Then I am afraid you are under something of a misapprehension. USMC did not particularly want M4A2s but they wanted Shermans fast. The only ones available quickly were M4A2s from the Lend-Lease pool, so it was a forced choice. Fuel supply had nothing to do with it. USMC had their own on-shore supply chain and all their other vehicle types apart from tractors were gasoline. USMC had more gasoline-engined Shermans than diesel-engined by a wide margin, mostly M4A3s but some M4/A1s. However they did have enough diesel-engined tanks to request a quantity of specific diesel M32B2 variants of the M32 TRV.

US Army also had some M4A2s in training and demonstration units. Of 10,968 M4A2s of all variants the US retained 2630 75mm tanks and had 856 76mm HVSS tanks on its hands when Soviet Lend-Lease ended. Canada bought 280 and the rest were stripped for 76mm HVSS conversions of 75mm M4A3s. Of the rest, the UK was sent 5,046, the Soviet Union 4,029 and Free France 382.

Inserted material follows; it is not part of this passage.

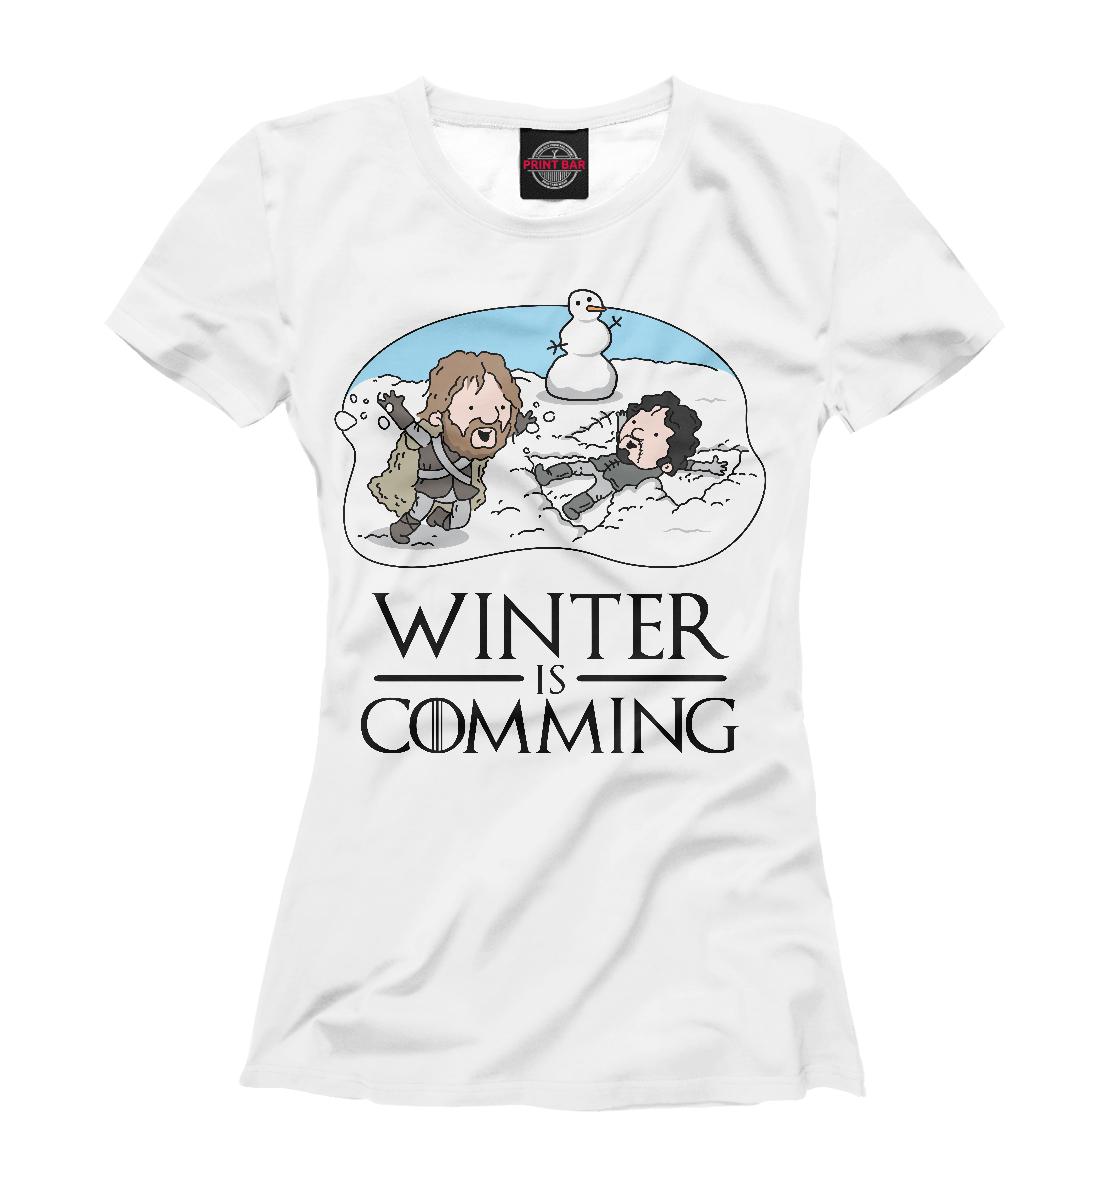 Купить Winter is comming, Printbar, Футболки, IGR-404632-fut-1

The UK was in a similar position with the M4A4. The USA didn't want it, taking 1600-odd temporarily for training. The Soviets certainly didn't want it. But like USMC we wanted more Shermans in a hurry and M4A4 was the only feasible answer. It became our majority type and we actually liked it. Ultimately we were sent 7,180 of the 7,499 produced with France taking 274, the Soviet Union 2 and the USA keeping 43.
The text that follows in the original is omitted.